COLLECTED MATERIAL:

>>>>

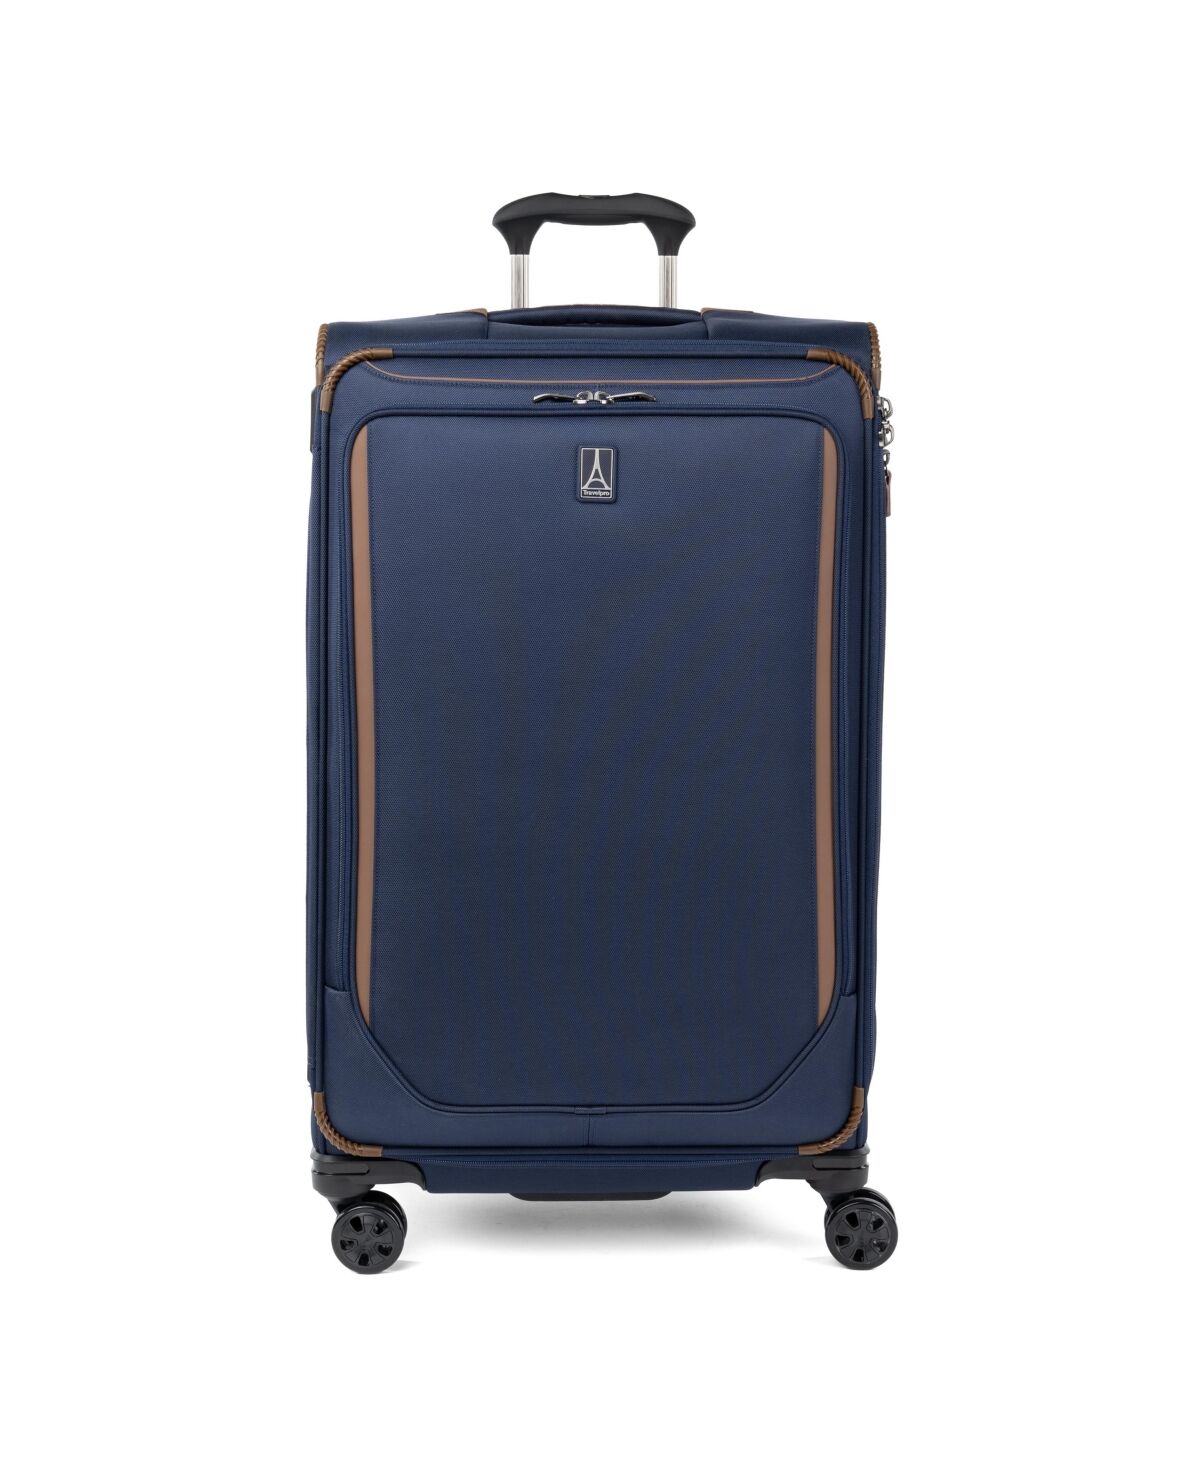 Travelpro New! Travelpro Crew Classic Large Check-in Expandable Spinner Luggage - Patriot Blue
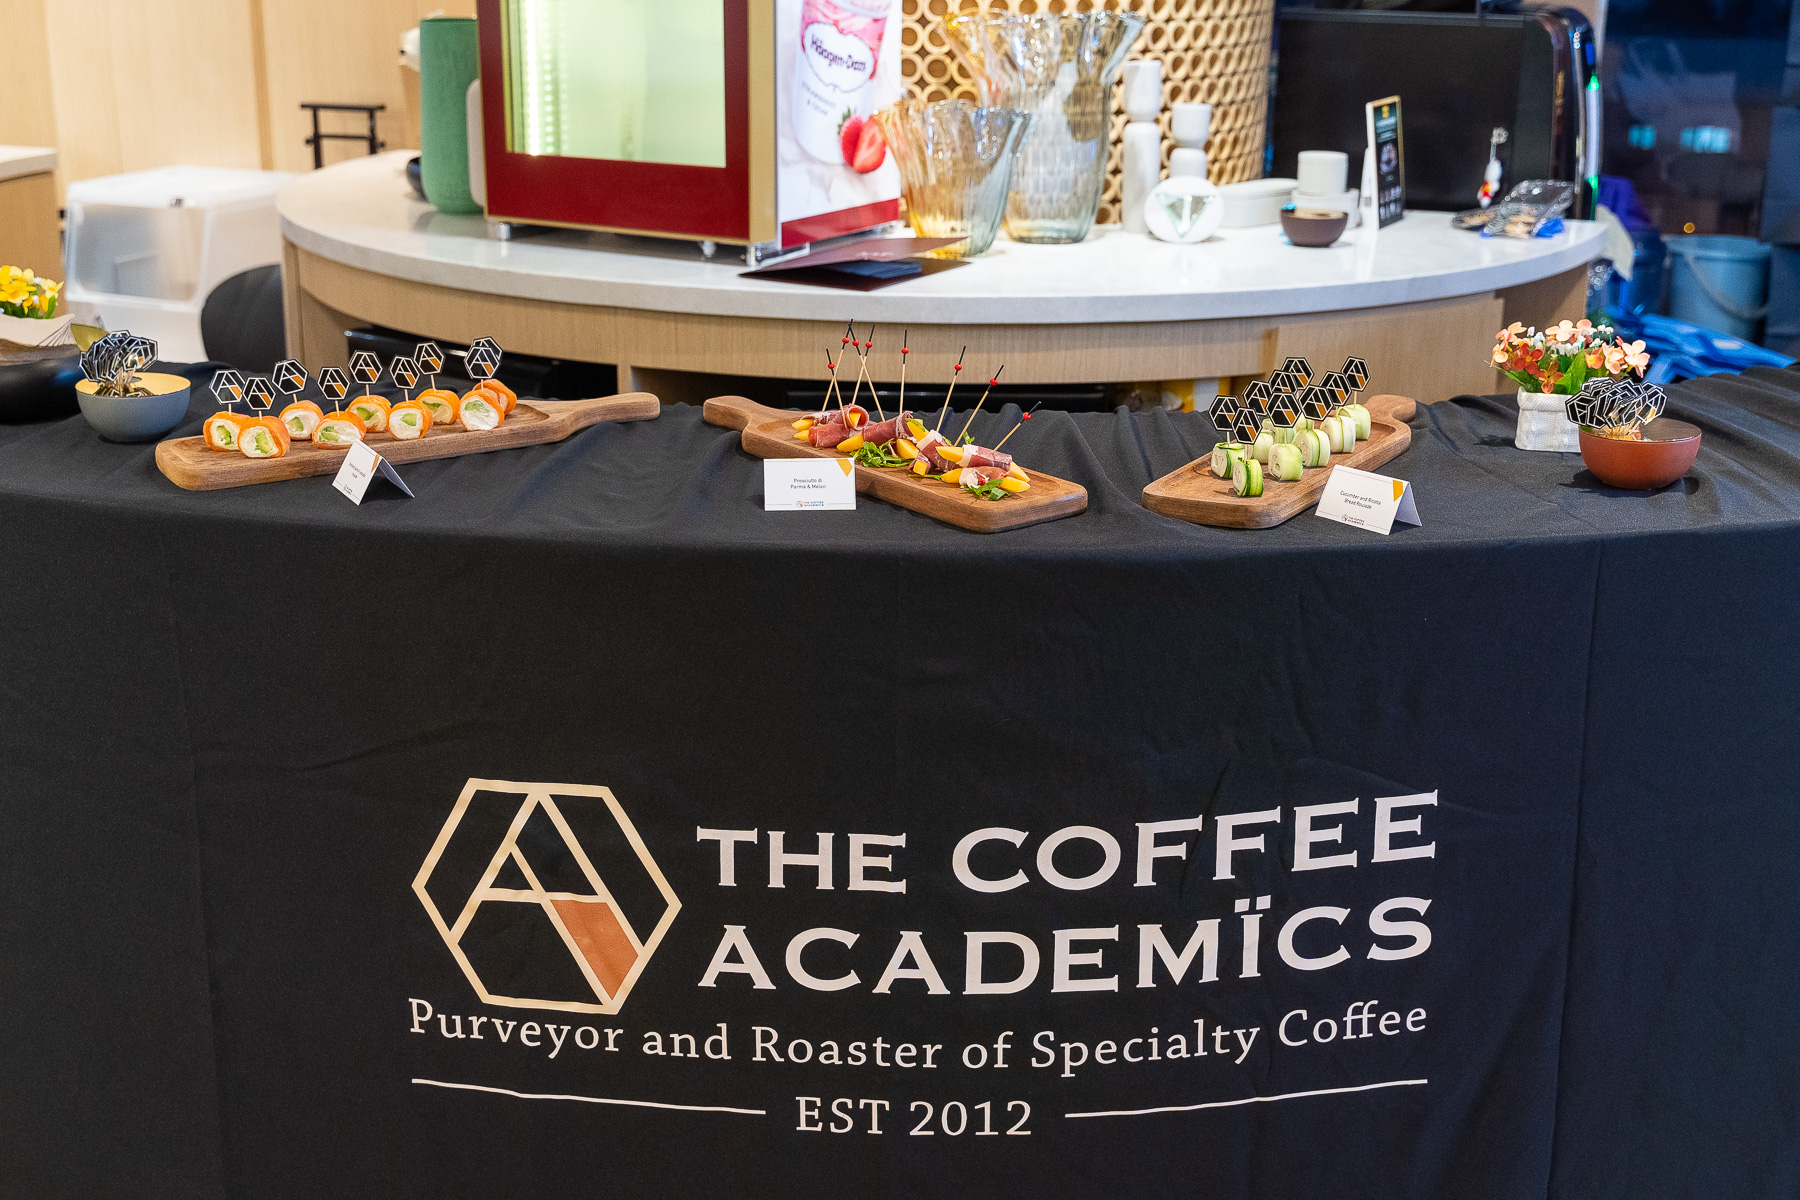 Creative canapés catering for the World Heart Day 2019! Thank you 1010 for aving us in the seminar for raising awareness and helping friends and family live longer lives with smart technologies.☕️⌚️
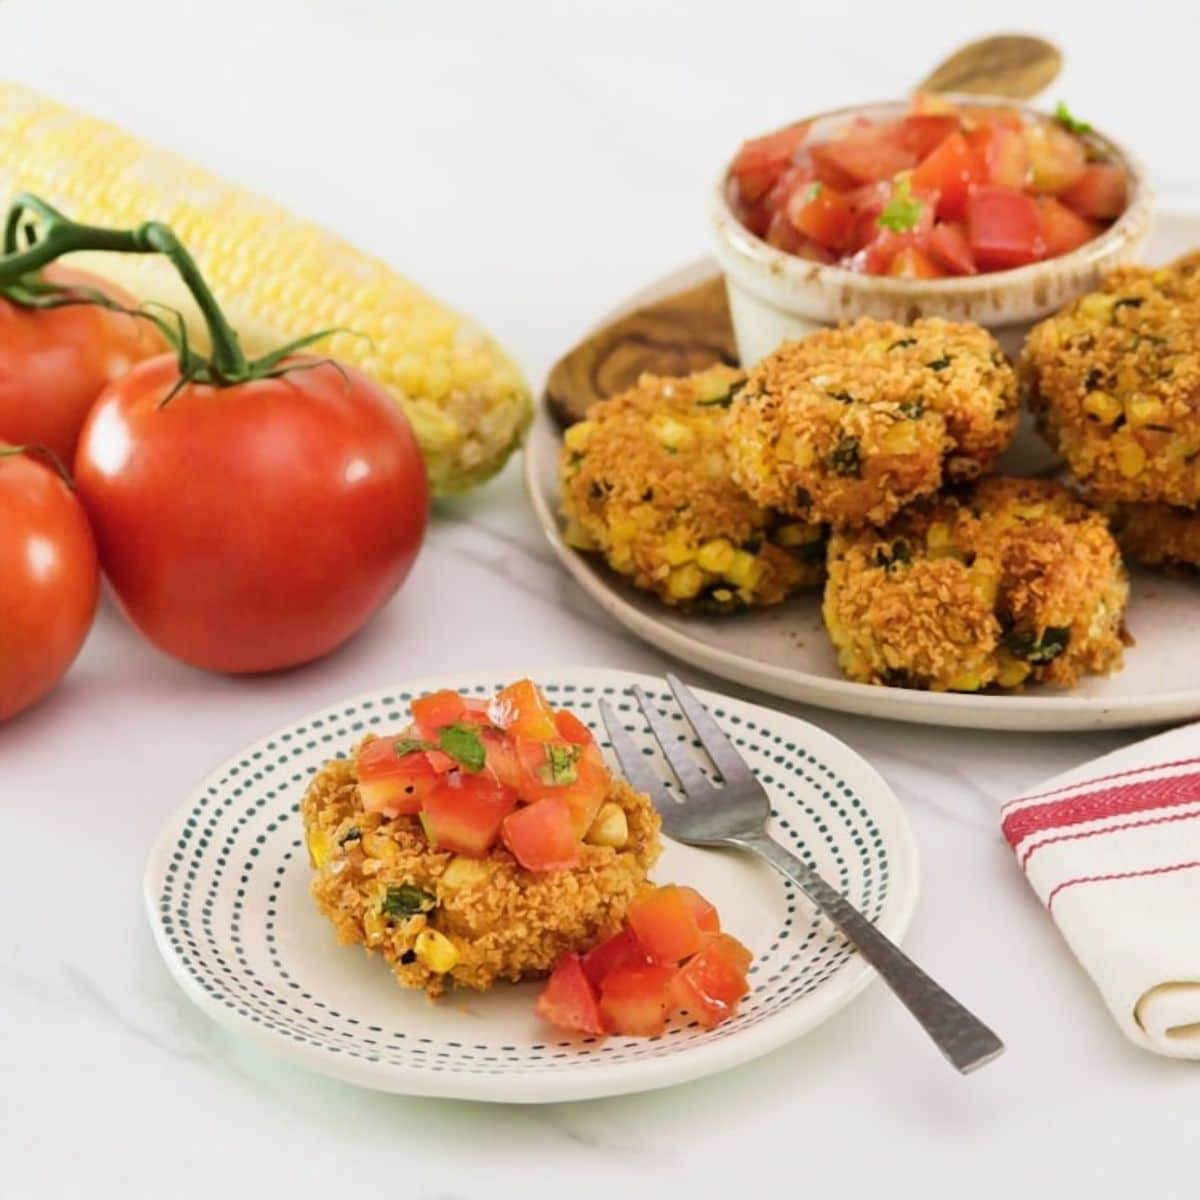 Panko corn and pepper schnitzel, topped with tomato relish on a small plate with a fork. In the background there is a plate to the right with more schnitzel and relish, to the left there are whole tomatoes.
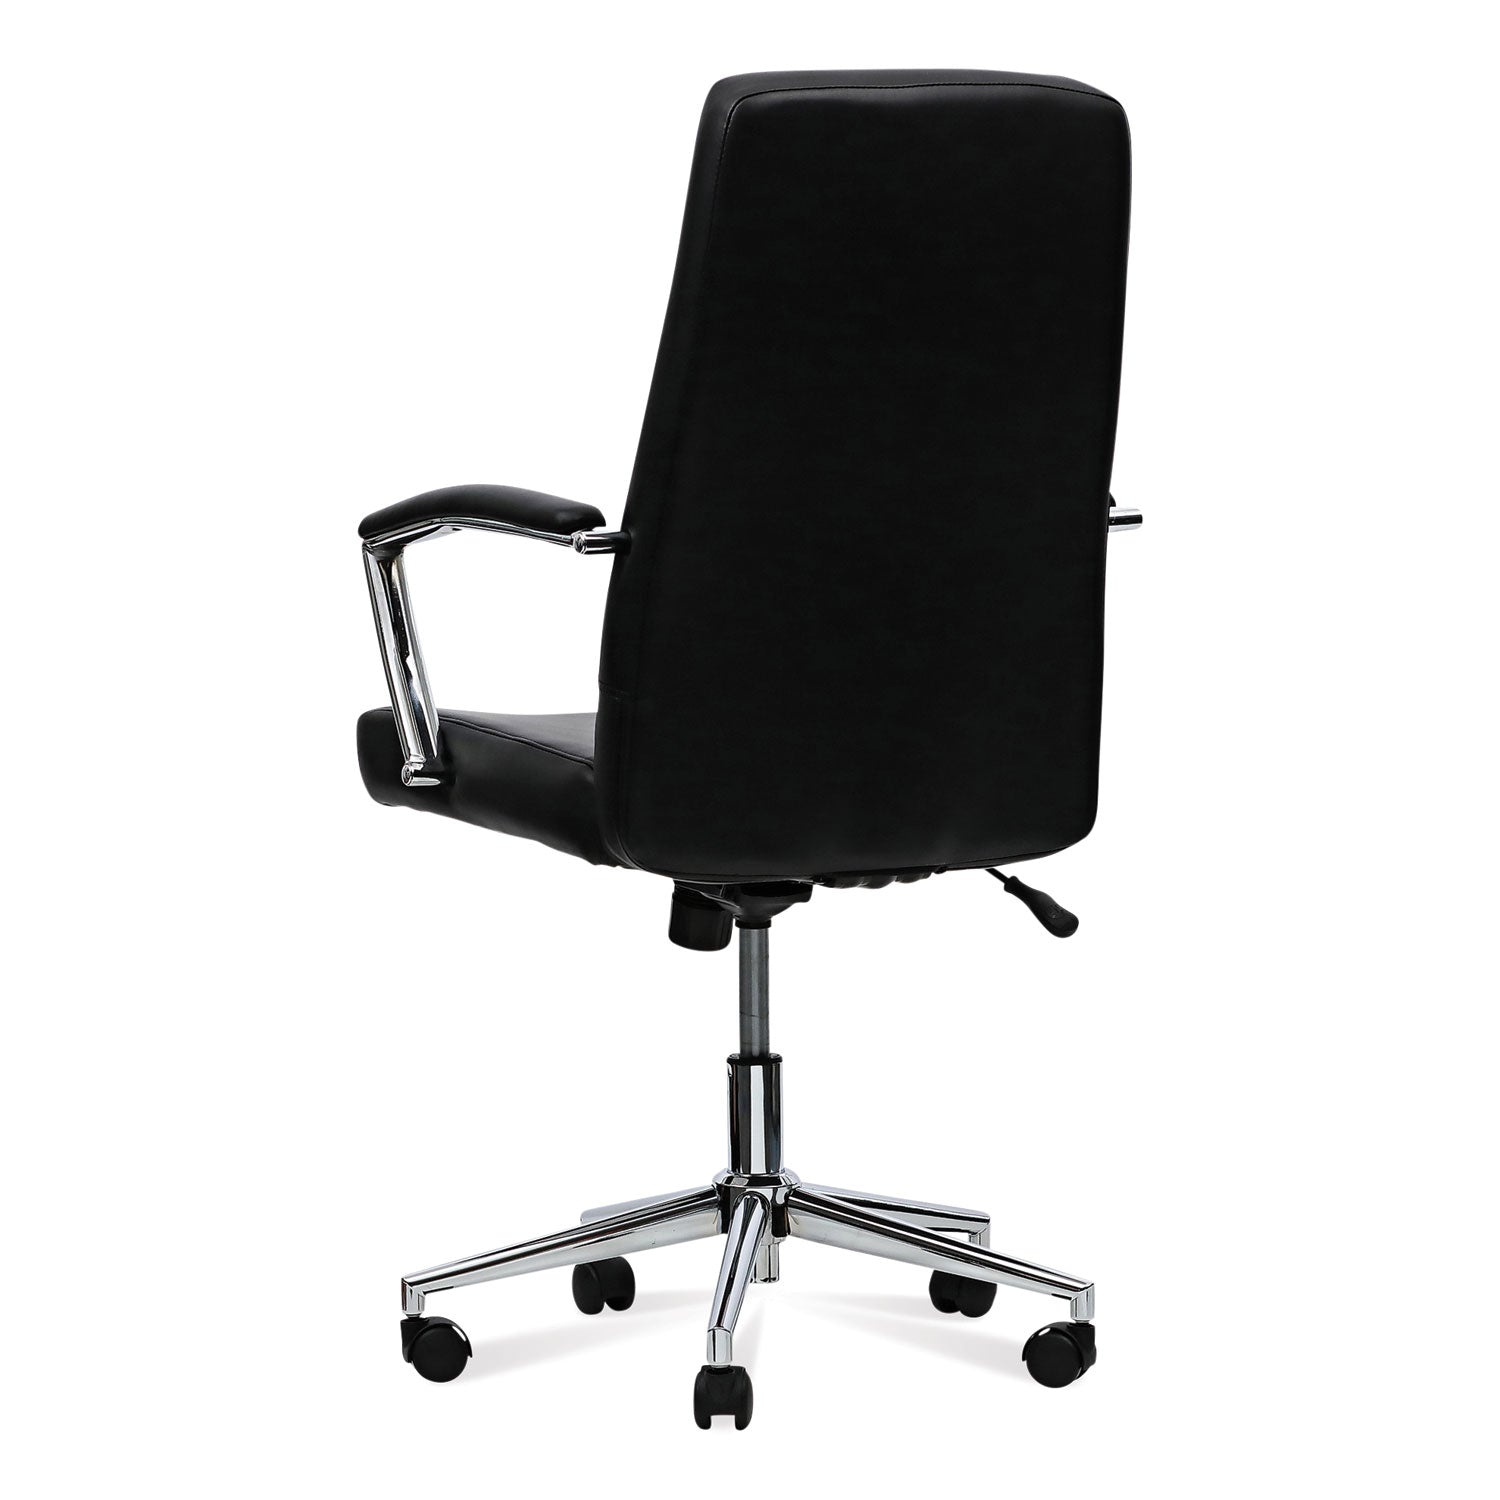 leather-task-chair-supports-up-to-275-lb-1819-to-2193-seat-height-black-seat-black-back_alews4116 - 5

<<<<

EXERCISE DETAILS:
Could you write out exactly the lines from the line containing "Creative canapés catering" to the end of the material, and nothing else? No pictures belong in the copy.

RESULT OF THE EXERCISE:
 Creative canapés catering for the World Heart Day 2019! Thank you 1010 for aving us in the seminar for raising awareness and helping friends and family live longer lives with smart technologies.☕️⌚️
 Panko corn and pepper schnitzel, topped with tomato relish on a small plate with a fork. In the background there is a plate to the right with more schnitzel and relish, to the left there are whole tomatoes.
 leather-task-chair-supports-up-to-275-lb-1819-to-2193-seat-height-black-seat-black-back_alews4116 - 5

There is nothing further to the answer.